SLG Publishing, the company which brought comics like Johnny the Homicidal Maniac by Jhonen Vasquez, among many other titles, to the world, enters into its 40th year by launching a solo podcast by founder Dan Vado. My Five Minutes is a personal series of stories and reflections drawn from four decades of independent comics, small business, live music, creative mistakes, unlikely survival, and the stubborn belief that making things still matters.
The first episode, “Ya Gotta Believe! The Arrogance of Creativity,” debuts on May 4th and serves as both an introduction to the podcast and a fitting starting point for SLG’s anniversary year. In the episode, Vado looks at the confidence, delusion, ego, and blind faith required to begin any creative project — including starting a comic book publishing company in 1986 and somehow keeping it alive for 40 years.

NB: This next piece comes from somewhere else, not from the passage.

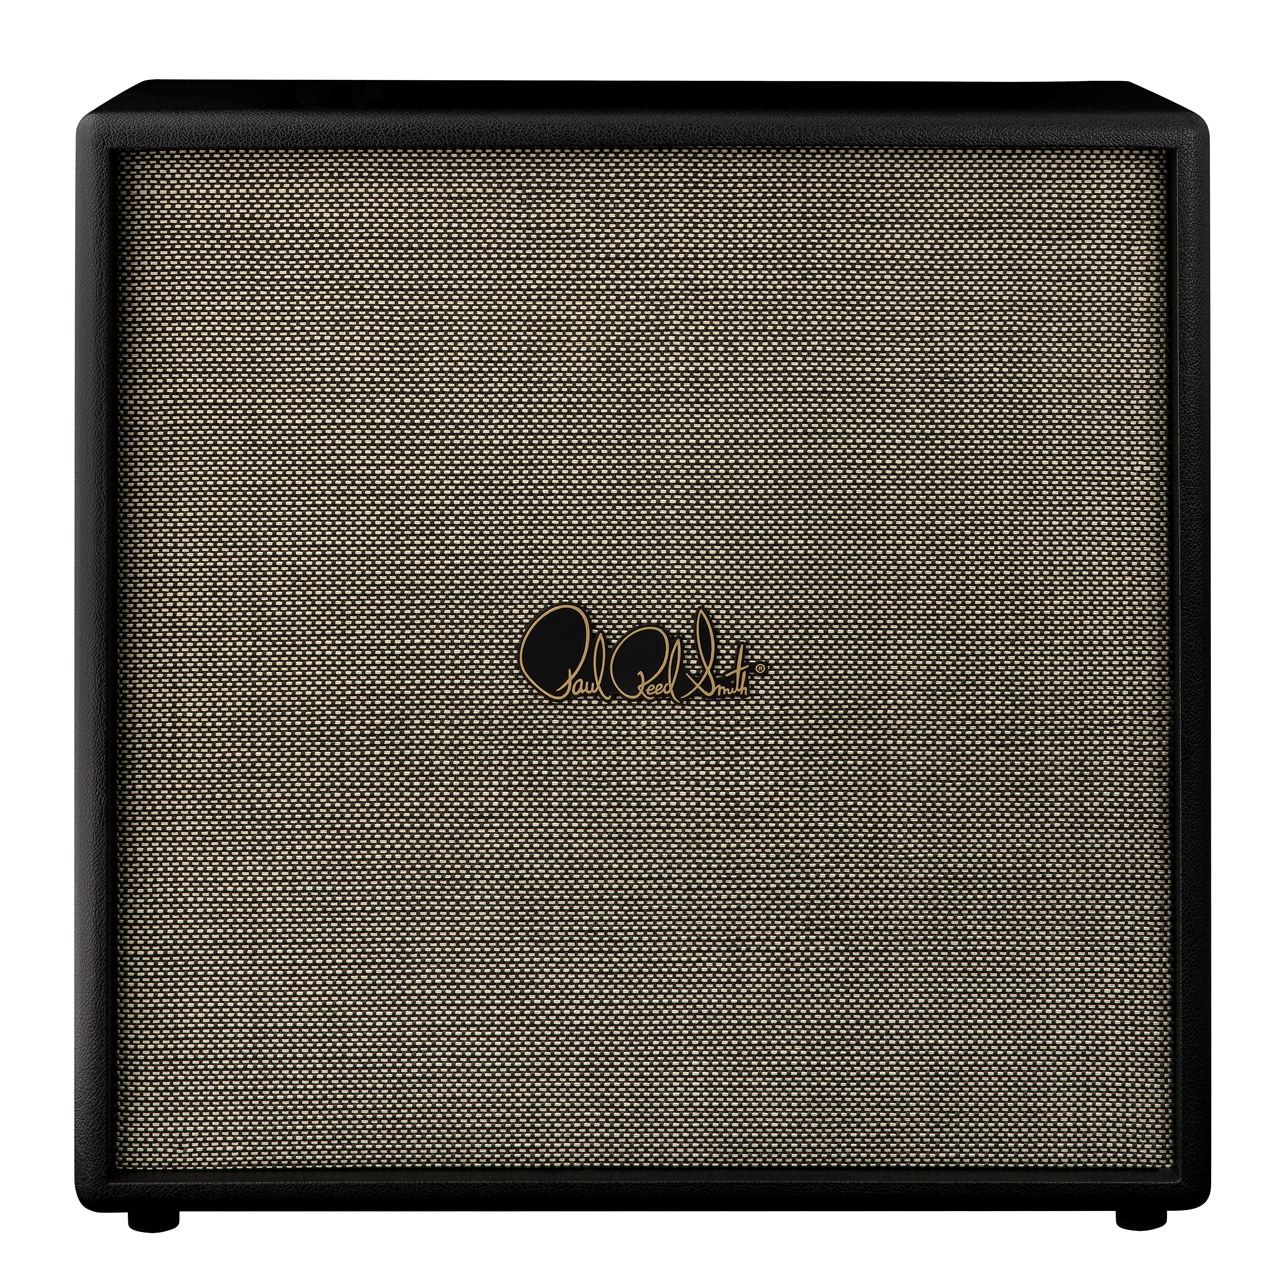 PRS HDRX 4x12 Cabinet - passend zu HDRX 50/100 'Hendrix' Amps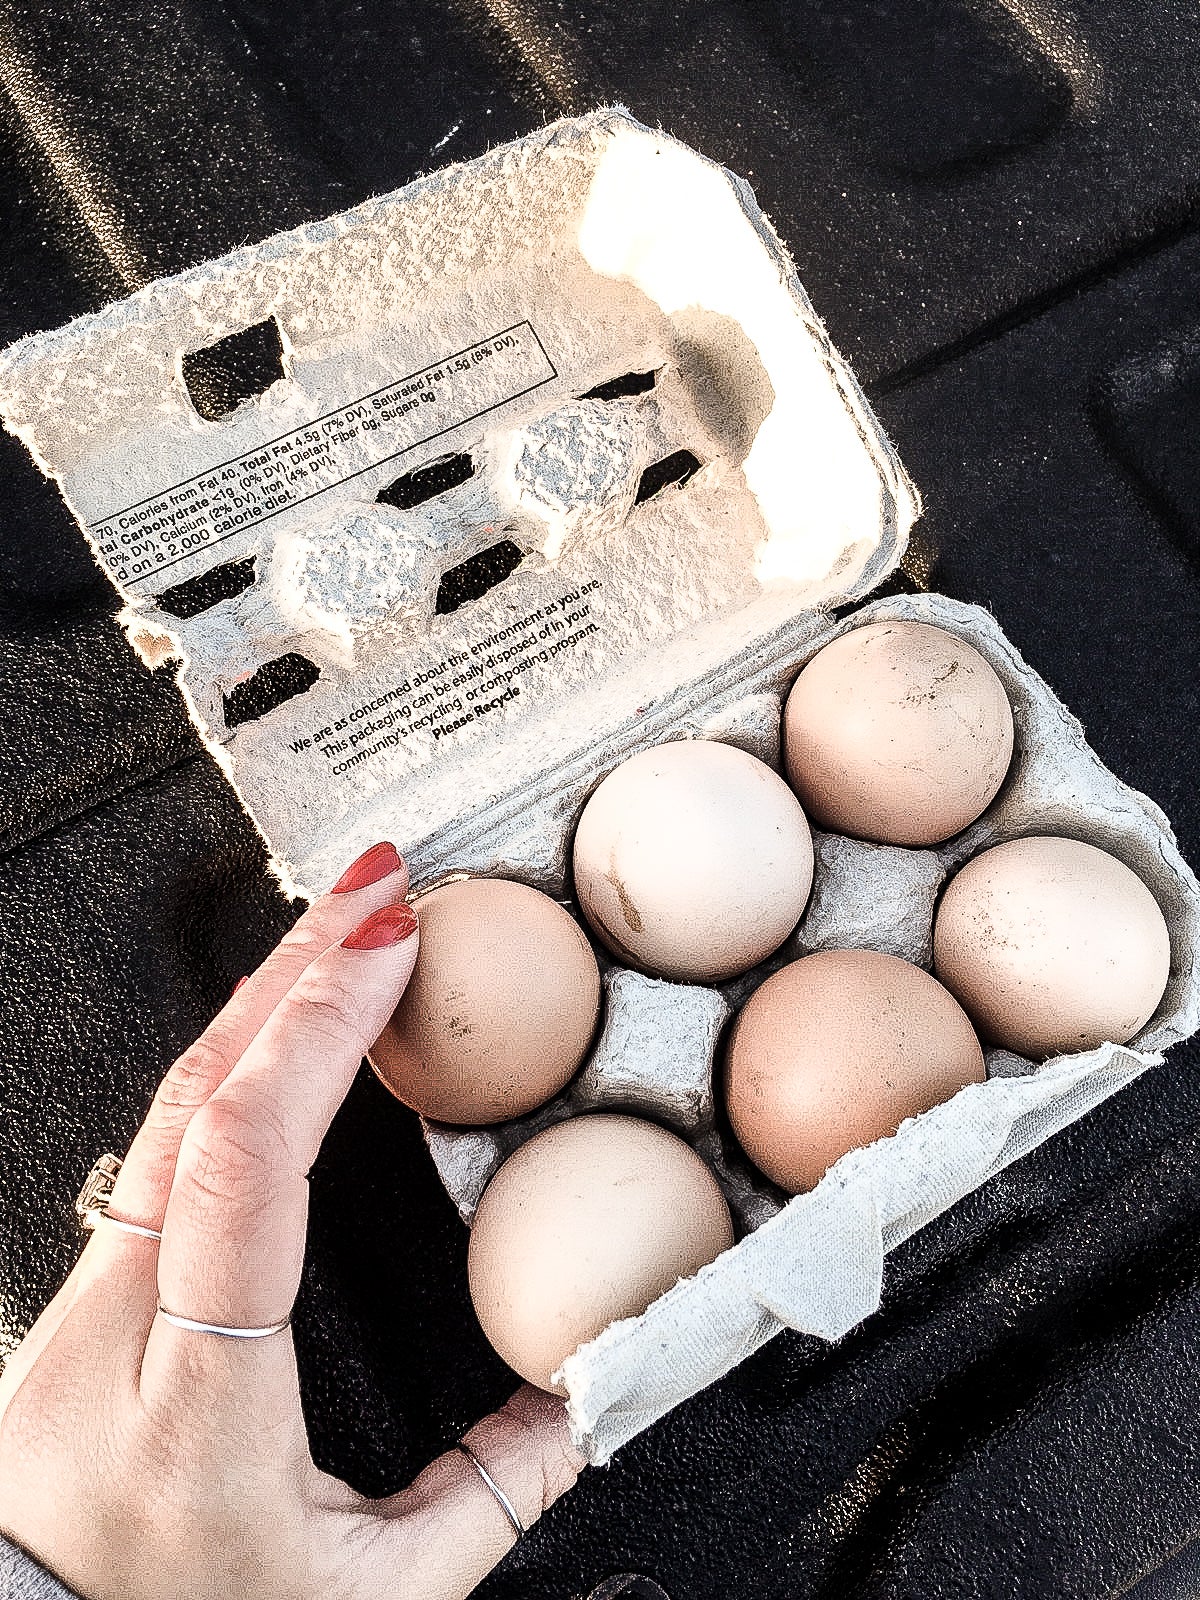 Farm fresh eggs! $2/half dozen or $4/full dozen

The new podcast also builds on Vado’s previous experience with The Unexpected Mentor, a podcast that explored related themes of creativity, experience, risk, and the unlikely ways people learn what they know. That project helped spark Vado’s interest in podcasting not just as a promotional tool, but as an art form of its own; a place where voice, timing, memory, and storytelling can carry ideas in a way that feels immediate and personal.
“Creativity requires a certain amount of arrogance,” said Vado. “You have to believe that the thing in your head is worth bringing into the world, even when there is no evidence that anyone else wants it. Maybe especially then,” said Vado, discussing the first episode, adding that “My experience with The Unexpected Mentor really opened my eyes to podcasting as a way to get great stories out. I have met a lot of amazing people and there are a lot of great personal stories I want to get out there.”
Founded in 1986, SLG Publishing became known for publishing alternative, offbeat, creator-driven comics such as Johnny the Homicidal Maniac, Dr. Radium, and Rex Libris at a time when independent comics were still fighting for shelf space. The launch of My Five Minutes is not intended to be a nostalgic project. Instead, each short episode uses stories from Vado’s life in comics, publishing, music, writing, and retail to talk about creativity, failure, memory, ambition, ego, doubt, and what it means to keep going long after other people might have quit.
“Forty years gives you a lot of stories,” Vado said. “Some of them are funny, some are embarrassing, some are about being wrong while people are watching, and some are about realizing much later why something mattered. The podcast gives me a place to tell those stories without pretending they add up to a grand lesson. Sometimes they are just five minutes.”
Vado later expanded his creative life into live music through Art Boutiki Music Hall, a San Jose venue known for intimate performances, local shows, touring artists, and community-driven events.
My Five Minutes will be available on major podcast platforms, including Apple Podcasts, Spotify, Amazon Music, and YouTube.
My Five Minutes will be available on most major podcast platforms, with a video version being found on YouTube and Spotify.